桑嶋は局長に連絡を入れると、今回の潜入捜査中におきた統久のヒートの事と、簡単に事情を話して休暇を貰った。
局長には、オレが副局長としたことがバレてしまったような気がする。
かなり不機嫌そうだったのがその証拠だろう。
自分の兄だし、そんなことを聞かされたらあまり気分はよくないよな。
ぐったりとした様子でベッドに横になっていた統久は、桑嶋が身体を拭っているのを、眺めて不思議がるように首を傾げる。

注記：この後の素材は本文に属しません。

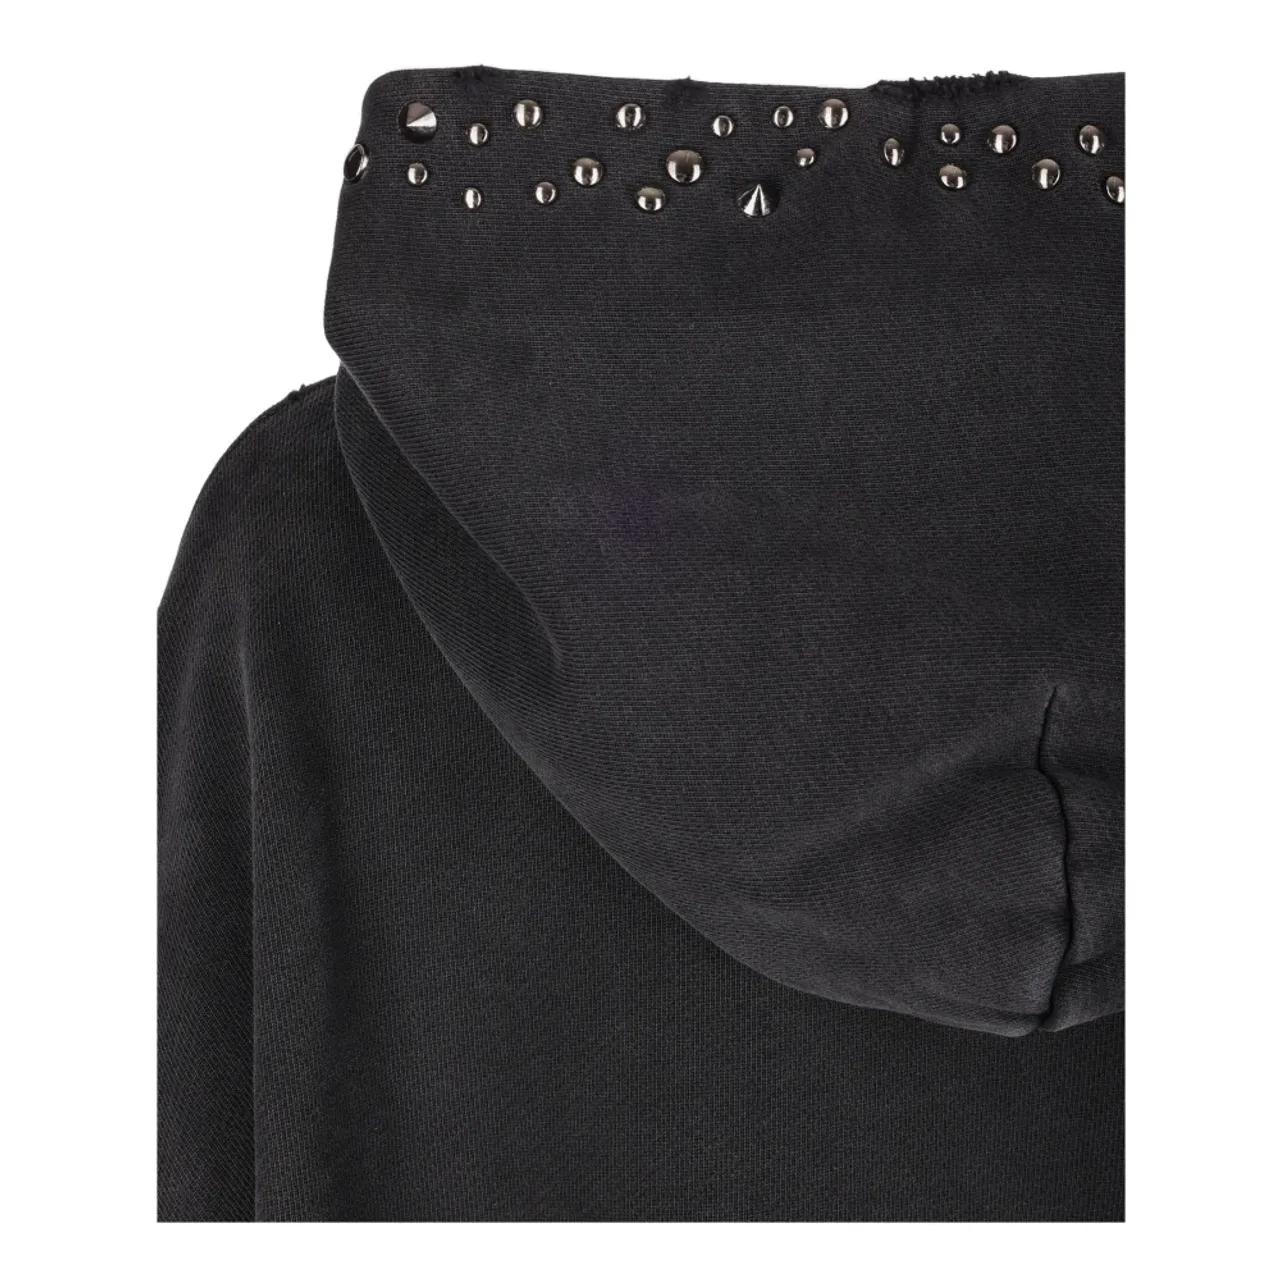 Versace , Black Studded Hooded Sweatshirt ,Black female, Sizes: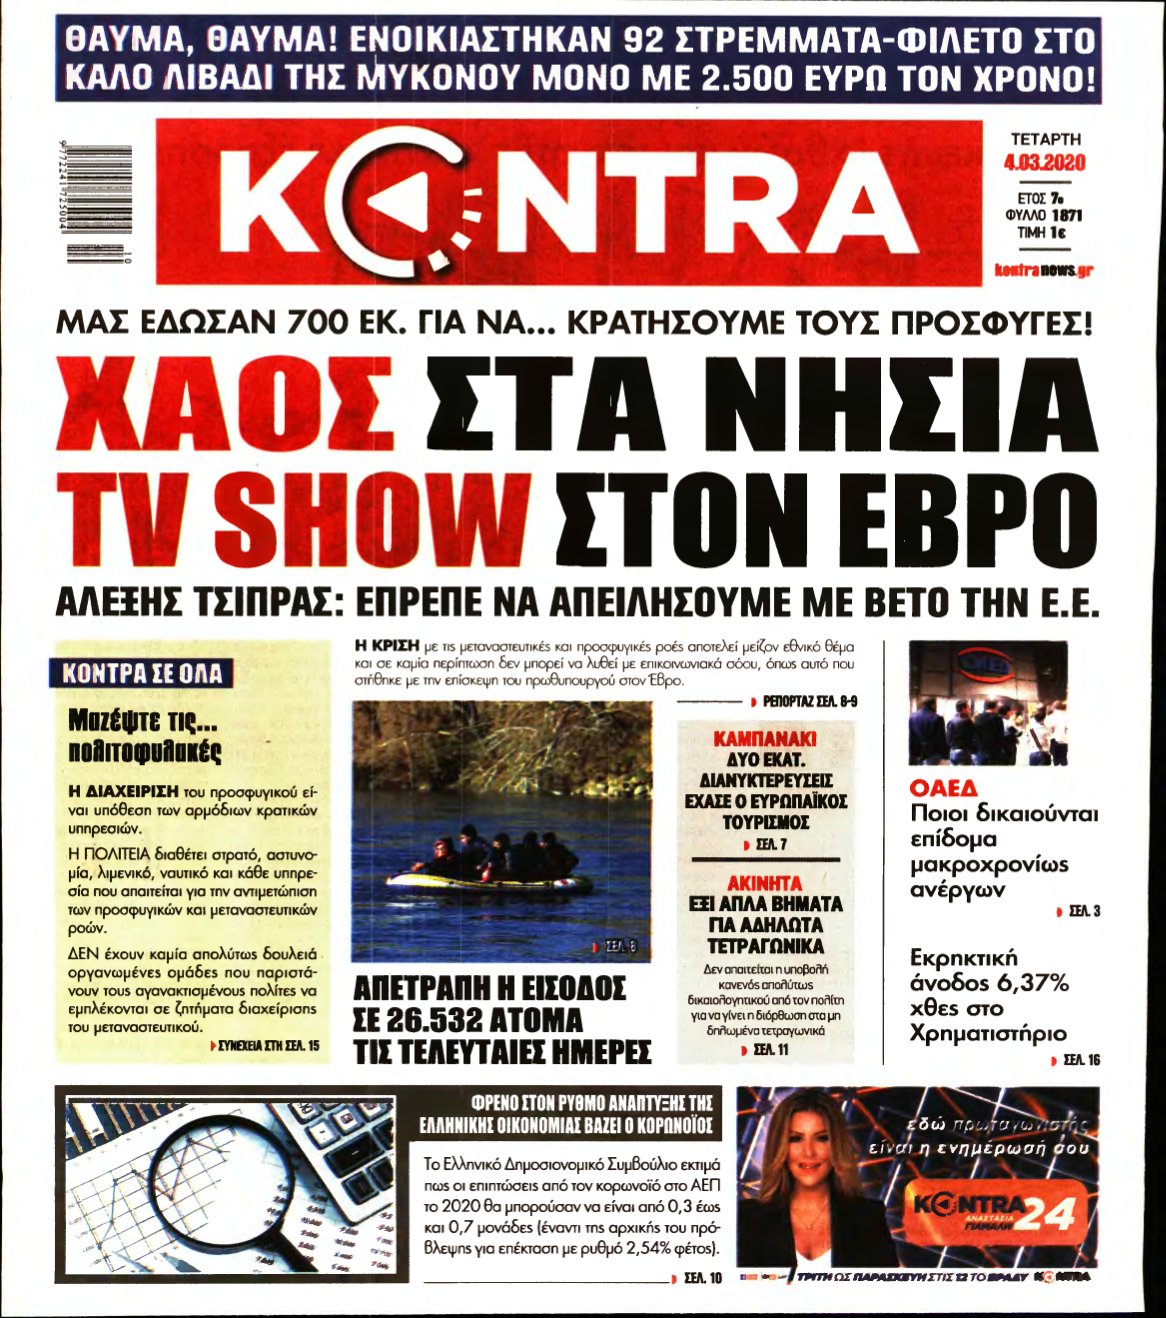 KONTRA NEWS – 04/03/2020

「……なあ、オマエは警察に通報しないのか。俺は、オマエをレイプした。前科はあるし、手間なくすぐ逮捕になるはずだぞ」
確かに、あの時無理矢理馬乗りになってきたのは、統久ではあった。
「……レイプって。人聞き悪いからやめてください。あんなのはアンタが悪いわけじゃないです」
桑嶋は冷蔵庫から、水を取り出してコップに注いで統久に手渡す。
「どうかなあ。俺、子供ほしいし」
ありがとうとコップを受け取って水を飲む統久を見返す。
そういえば、避妊とかしなかったのに今更ながらに気がついた。
発情期のオメガは妊娠しやすいと聞いている。
不思議とそれなら責任をとる気持ちもある。
それでもいいかなと思っている自分を意外に思い桑嶋は肩をそびやかせる。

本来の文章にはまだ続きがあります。